Sadly, I am speaking from experience. I too am pregnant, my husband isn't cheating, but he's not supportive and is verbally and emotionally abusive. It's taken a very depressed/anxious pregnancy for me to realize that the time we've been together has completely changed me for the worse. I, too, am strugggling with the decision to leave. But, one thing is for sure. No one can make it for you. Please don't feel alone. Best to you and yours. dg
First, I am so, so sorry. *hug*
Would you be willing to go to counseling alone? While he may not be willing to go, you may benefit from an outside professional perspective before you make and decisions.
Do you have any family or friends you could stay with for a few days to clear your head and hopefully allow him time to think? Did he say the statement about preferring you to leave than losing her friendship in a fit of anger or did he say it matter of factly?
I'm so sorry ... *hug*
I am so sorry. I agree with PP see if you can stay with a friend or family member for a few days just to get away and clear your head. Maybe send him a message that you mean business? I would suggest counseling for yourself for sure, if he won't go with you would he go on his own?
I wish you the best of luck , and will be thinking and praying for you and LO. Good luck hon. Lots of Hugs
Your husband sounds immature and it seems like he isn't taking the pregnancy well. Some guys freak out when it becomes a fact that they are going to be a father. He seems like he is reverting back into his younger single days.
With that being said, this behavior needs to be nipped in the butt. I don't know if leaving is the right decision, but you need to have a serious talk with him. I would even consider getting the other couple involved since the girl's husband is uncomfortable with their relation.

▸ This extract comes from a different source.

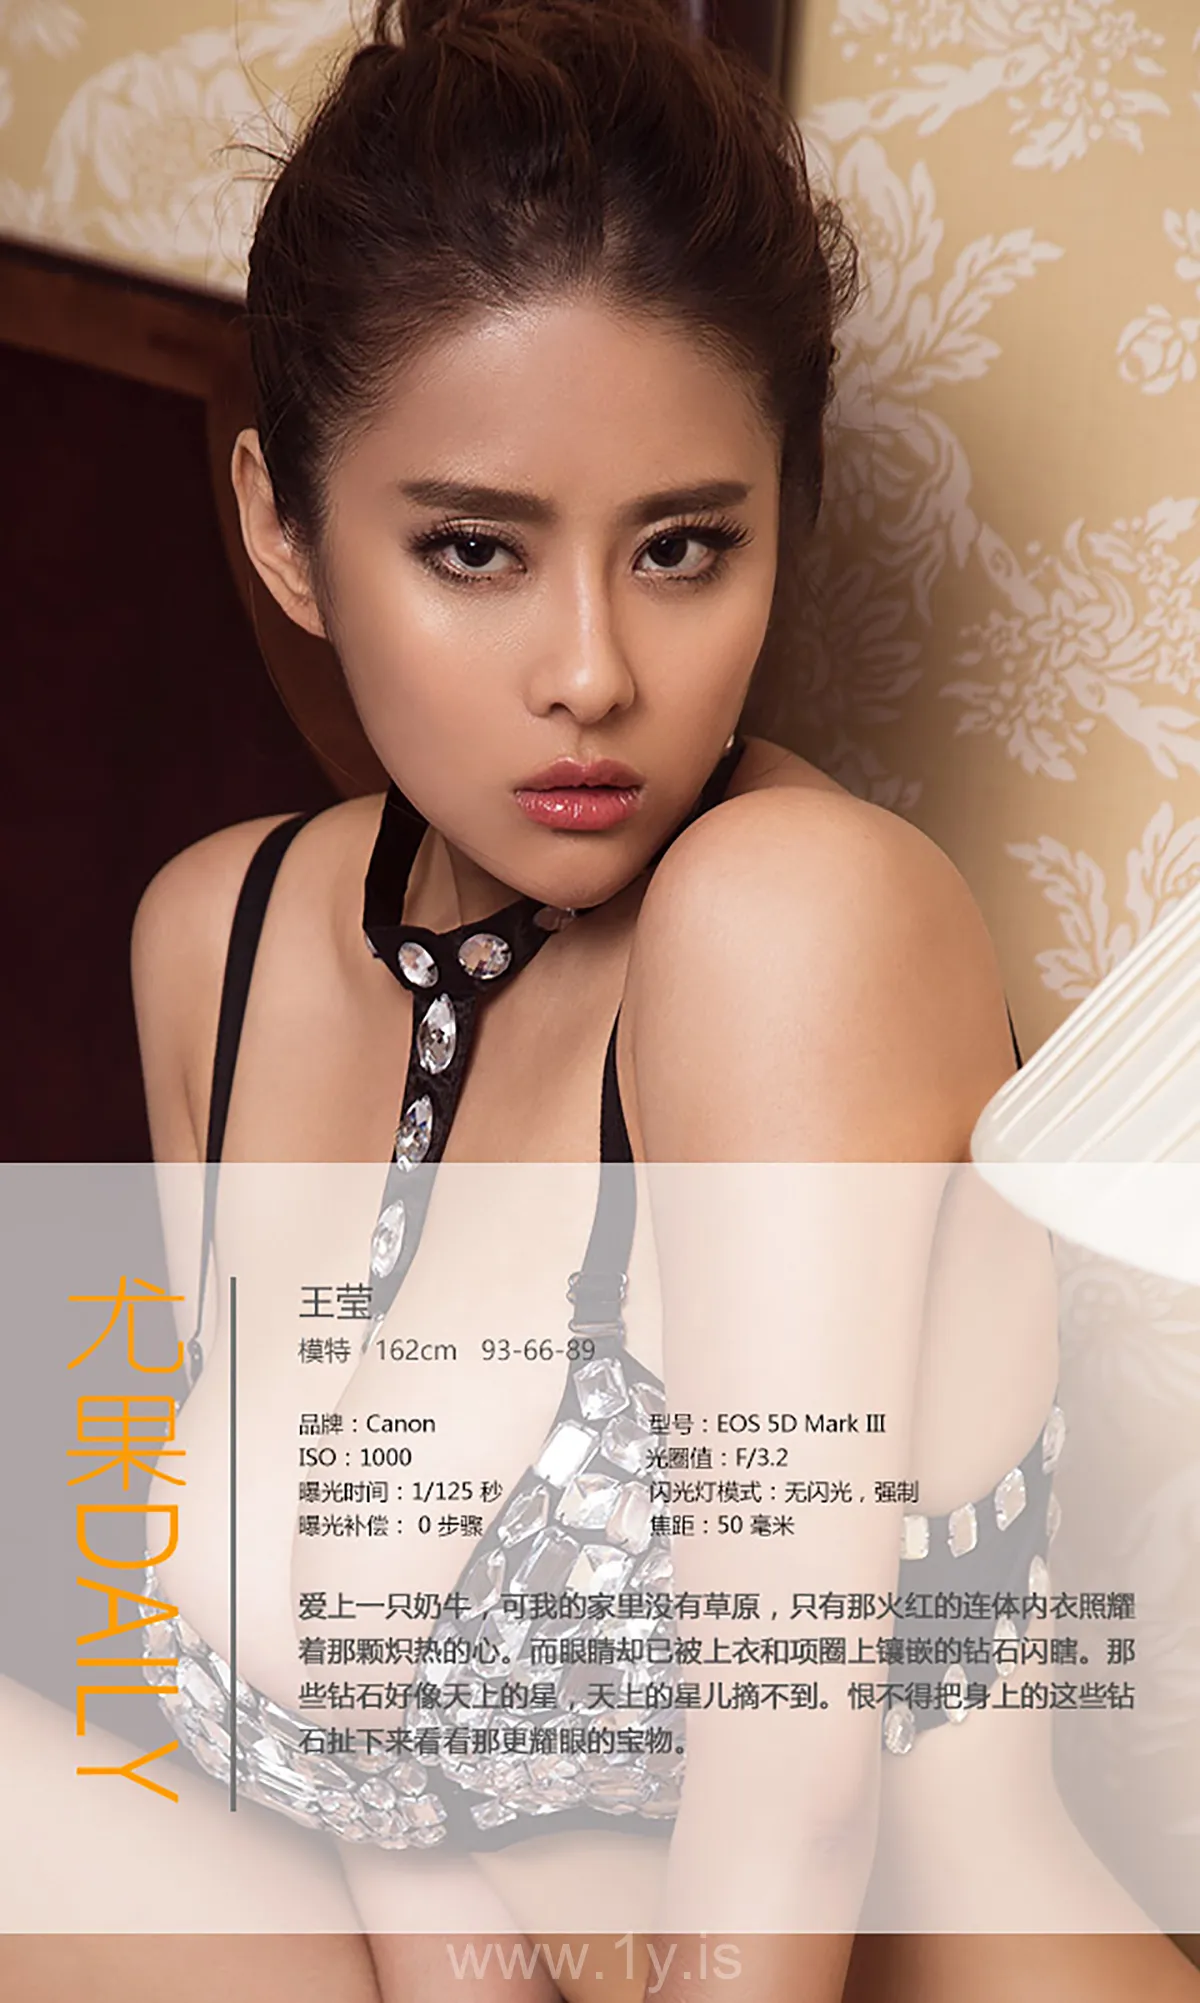 UGIRLS NO.438 Cute Chinese Hottie 钻石钻石亮晶晶王莹

Maybe if the four of you sit down and talk you can get to the bottom of their behavior.
I would also think about what you want in a relationship and evaluate if that is something that DH can provide. Were there problems before the pregnancy? Do you think your marriage can be saved? Would you be happy if you were able to work things out?
I wish the best for you. This can't be easy going through this pregnant, but I do know that you are strong enough to handle this. Definitely lean on any friends or family that you have.
Oh, sweety, I am soooo sooo sorry to hear about this. I really don't mean to sound so blunt and sorry if this hurts your feelings, but it sounds to me that his feelings are not with you, but with this other lady.
My parents went through something similar not too long ago, where my mother was spending an uncomfortable amount of time with a man she worked with (also in a different dept. like your H). The man's wife contacted my dad and they got together and talked about it and everything. It sucked! Not only for my dad, but for us. My parents ended up separating for a while because of it, but that was my mom's choice strangely. I didn't talk to her for almost a year.
That being said, if you and the other woman's H are seeing it, then there is something there. If they continue to work together, it will stay this way and will not get better. Something needs to change before LO arrives because it will rock that babies world, in a bad way, if this goes on as he/she grows up.
Gosh, I hate that you have to go through this, esp being pg. Just PLEASE don't let him do this to you. You or baby do not need the stress and he needs to grow up and realize that what he is doing is 100% wrong and disrespectful to you.